* [SUPPLIED DATA]
• • •
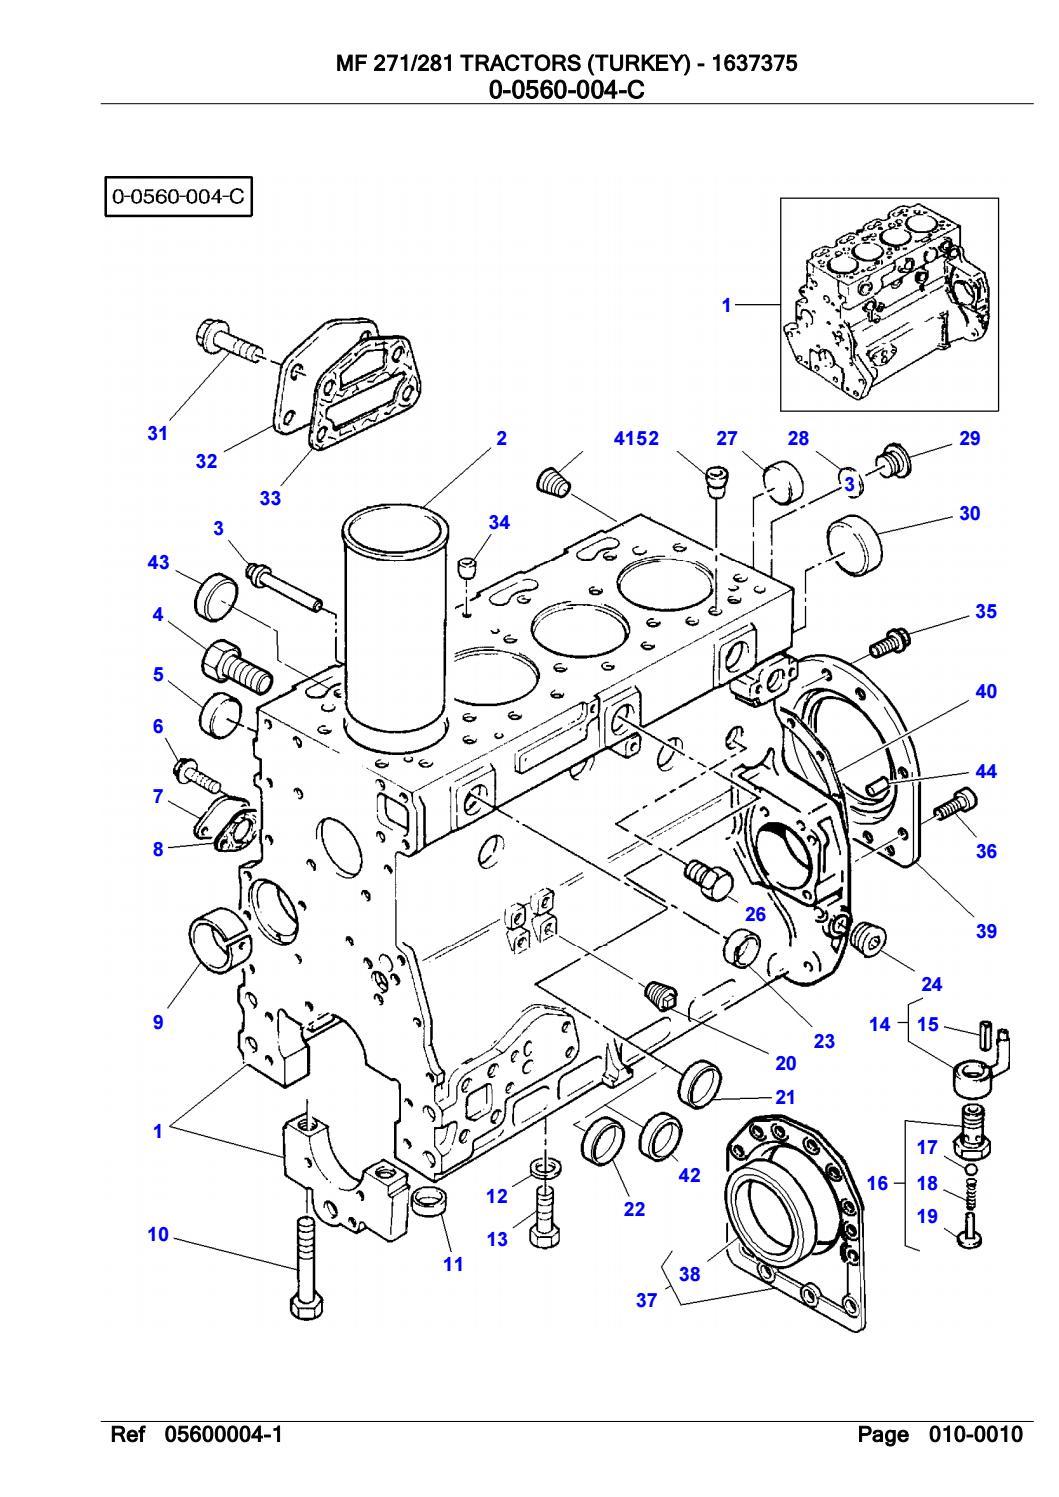 Massey Ferguson 271 TRACTOR (TURKEY) Service Parts
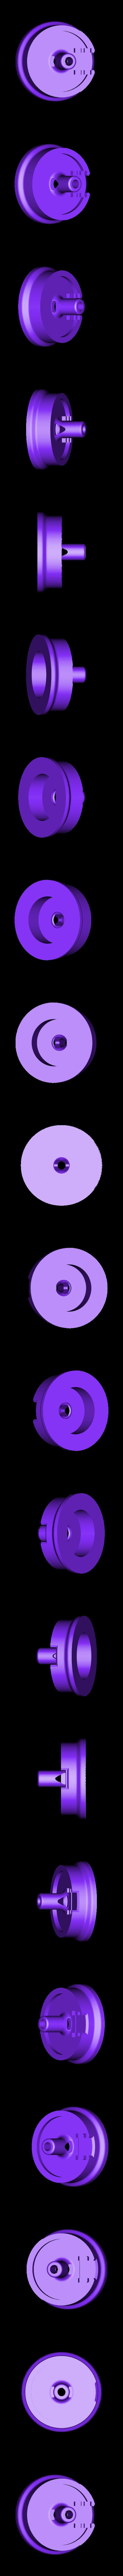 bottom.stl Download free STL file Shining Lantern • 3D printer object, blecheimer
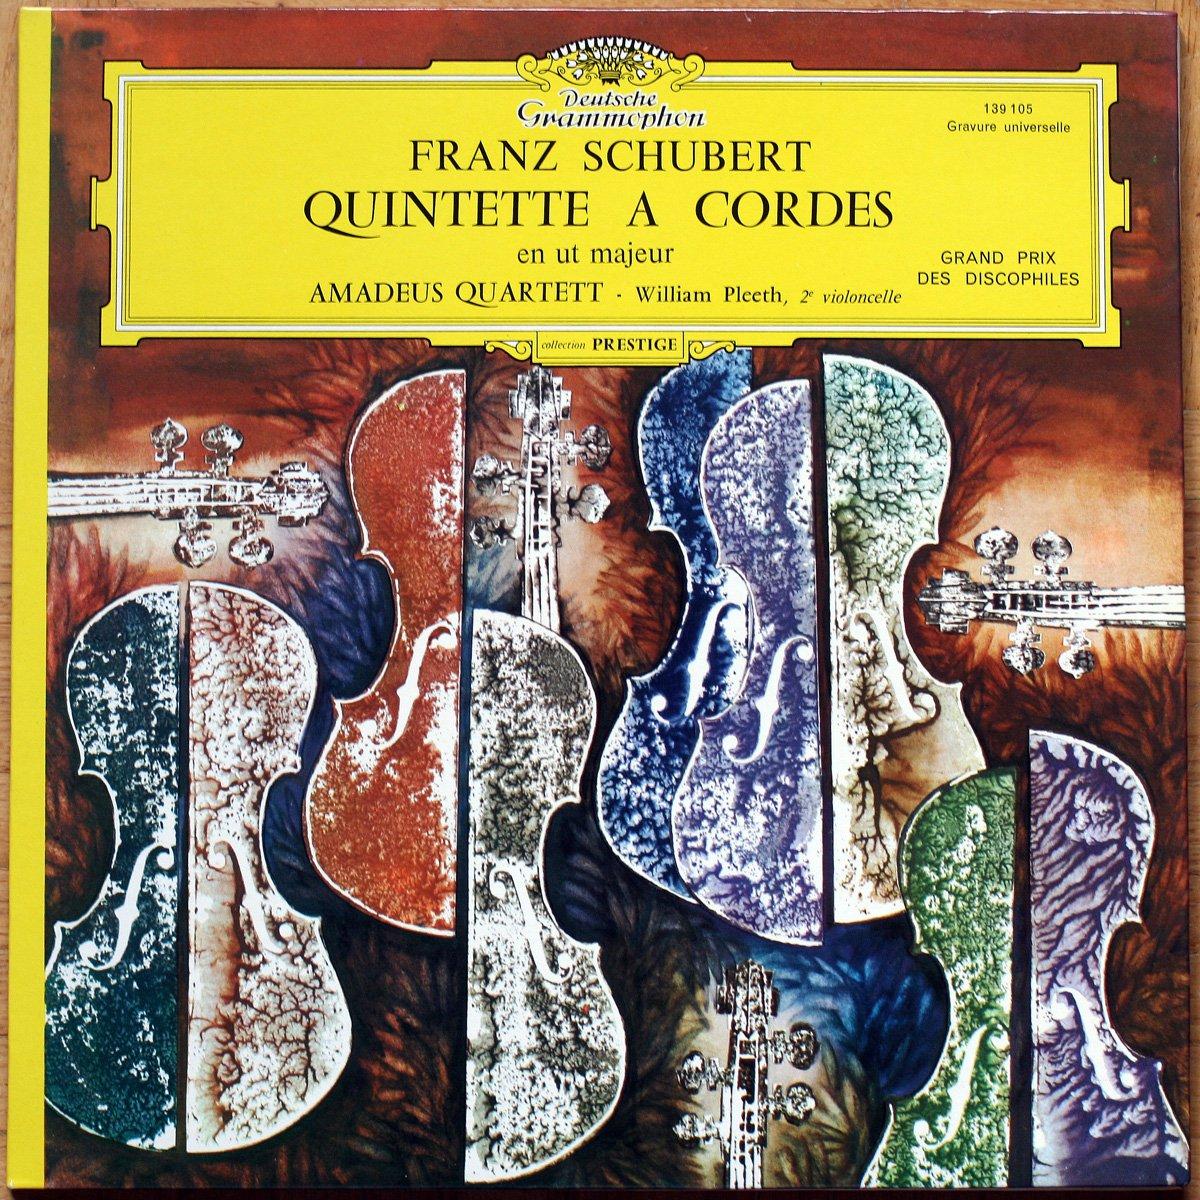 Schubert Streichquintett C-dur Quintette à cordes en Ut Majeur D. 956 DGG 139 105 William Pleeth Amadeus Quartett
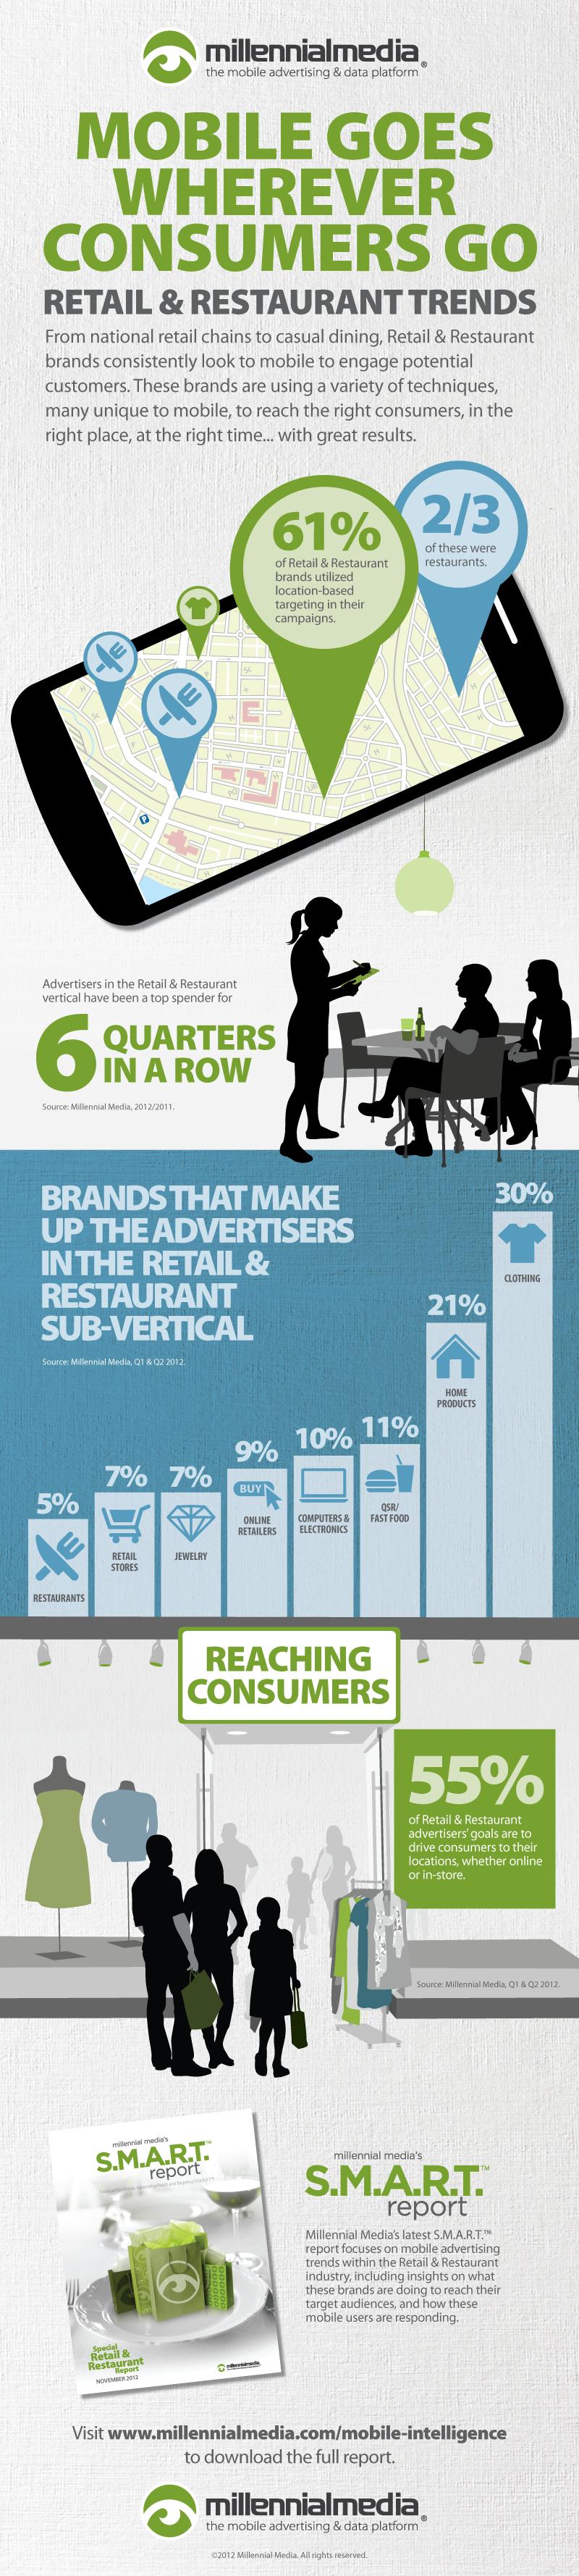 millennialmedia-smart-november-2012-infographic
• • •
* [WHAT THE TASK ASKS]
Output each line above exactly. Skip the images.

* [REPLY]
 Massey Ferguson 271 TRACTOR (TURKEY) Service Parts
 bottom.stl Download free STL file Shining Lantern • 3D printer object, blecheimer
 Schubert Streichquintett C-dur Quintette à cordes en Ut Majeur D. 956 DGG 139 105 William Pleeth Amadeus Quartett
 millennialmedia-smart-november-2012-infographic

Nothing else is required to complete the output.